Martesia striata, known as the striate piddock, is a species of bivalve belonging to the family Pholadidae known for boring into wood, including that of boats and dock pilings.

== Description ==
M. striata has a relatively large for the genus Martesia that is colored yellow and white. The shell is wedged shaped with a rounded posterior and pointed anterior. The posterior end appears wrinkled and has a thin periostracum. The anterior end is made of sigmoid ridges that radiate from the umbo. The shell is about 30 mm long and 14.5 mm heigh.

== Distribution ==
The species has an almost cosmopolitan distribution, being found from tropical to temperate latitudes but not at the poles.

== Ecology ==
M. striata bores into surfaces to create tunnels to live in.

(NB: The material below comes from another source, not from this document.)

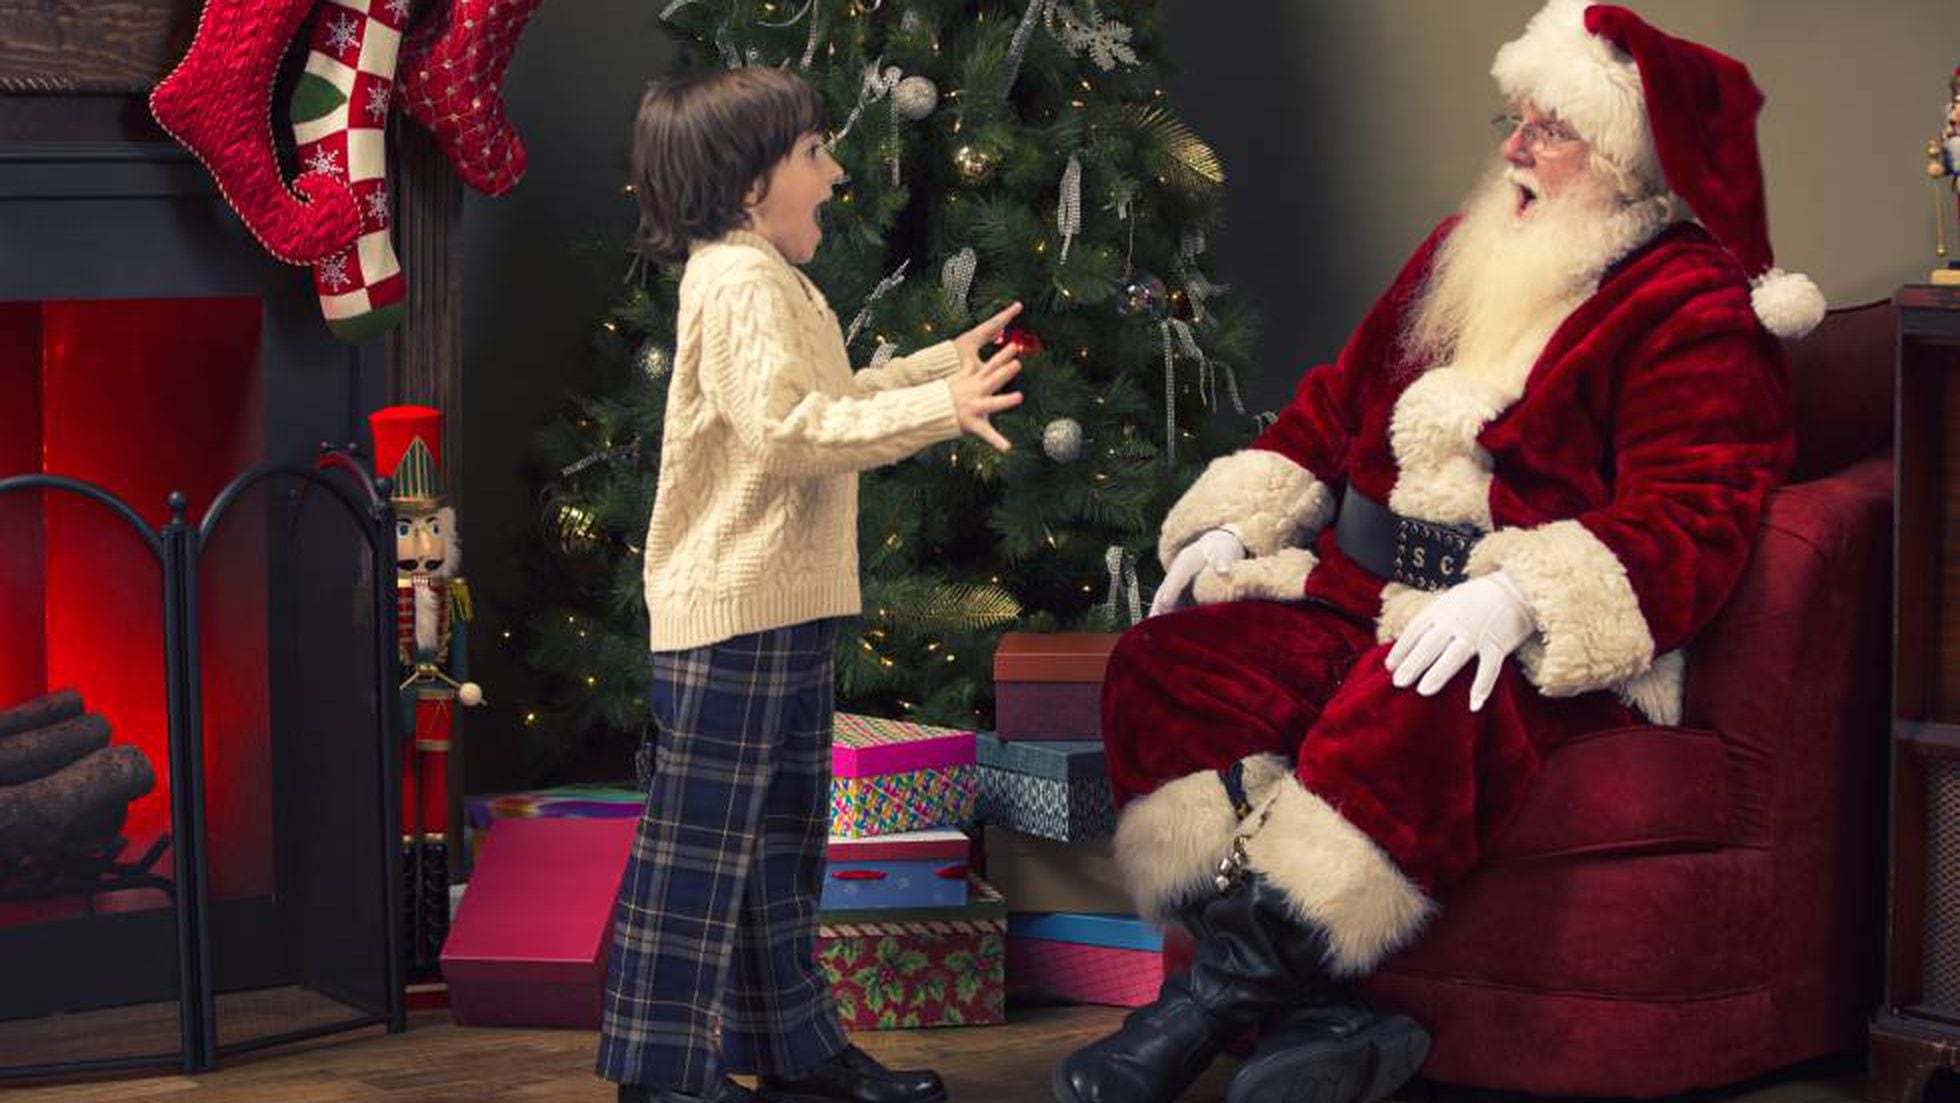 Suyo cortesía arco Por qué los niños creen (o no) que Papá Noel existe? | Ciencia | EL PAÍS
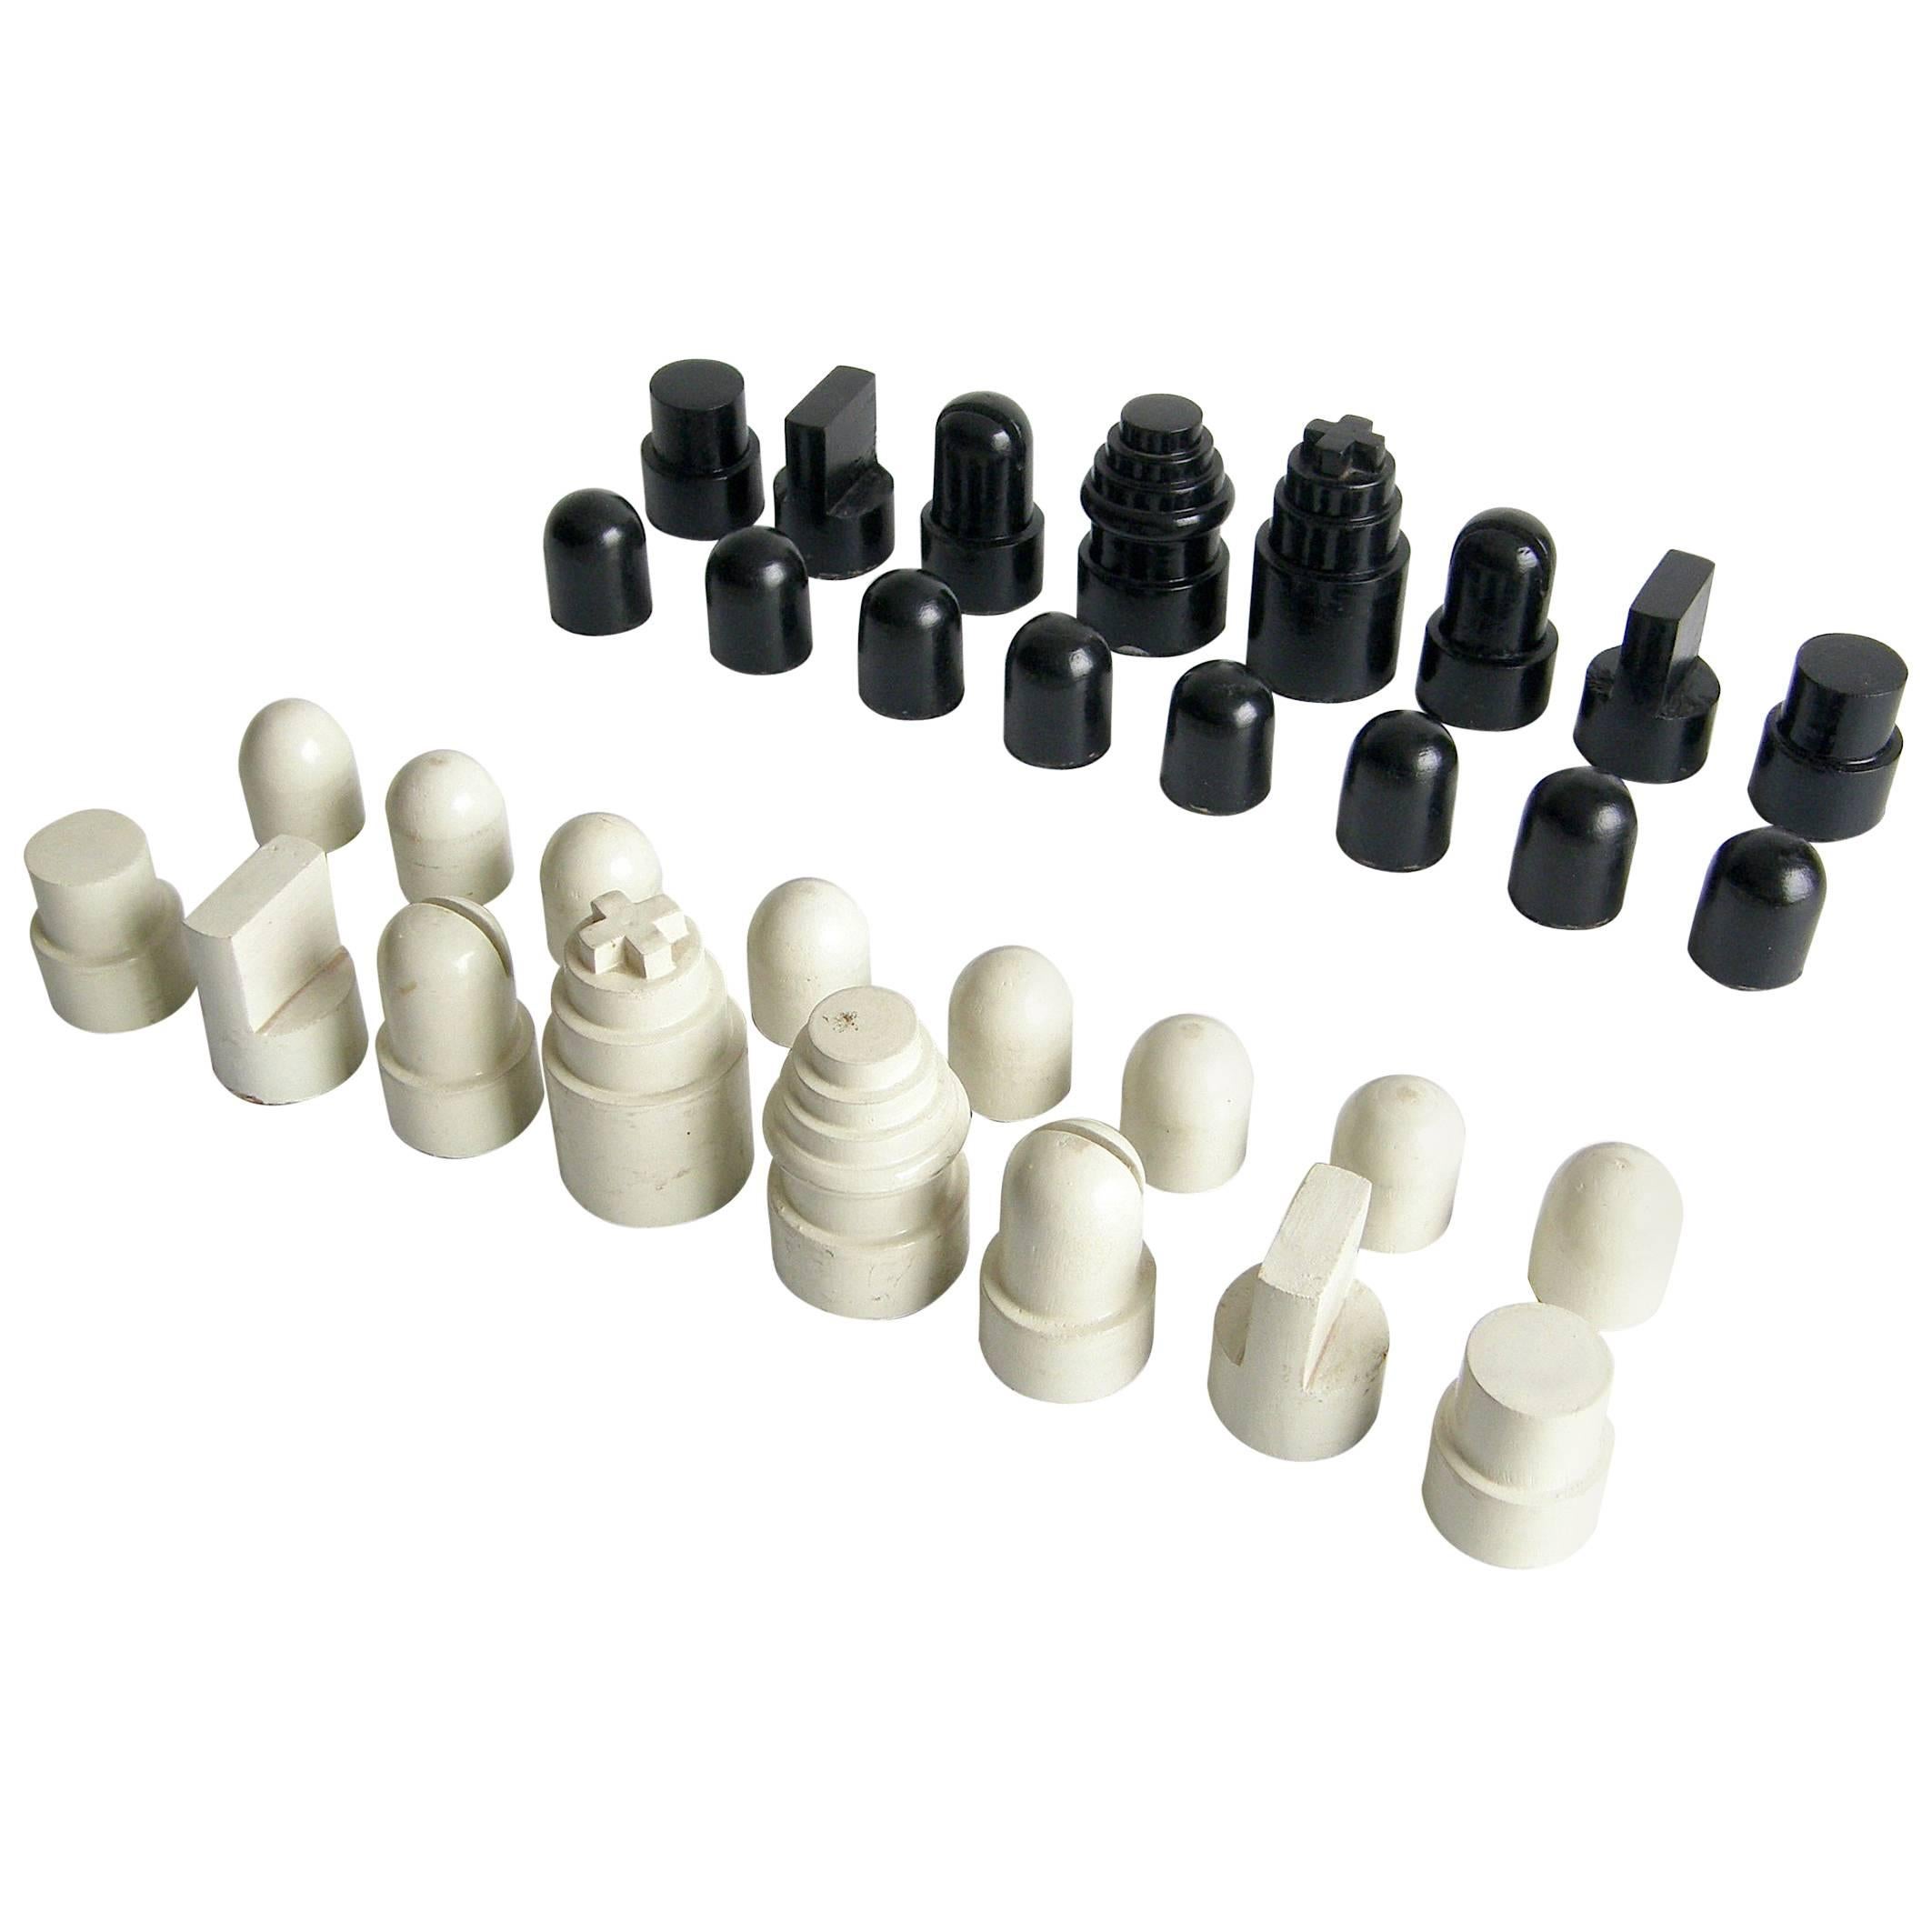 Allan Calhamer Chess Set

Most often the piddock bores in wood, especially that of boats and dock pilings, but they have also been known to bore into pipes made of acrylonitrile butadiene styrene (ABS). The boring process starts by the piddock first moving to the base of the burrow. Once there, M. striata causes abrasion to the surface through by contracting its shell with its abductor muscle. In regions with a monsoon season, the piddock reduces boring activity during the monsoon season as it lines up with their gonad activation. Larval M. striata have a low tolerance for low salinity causing this pattern.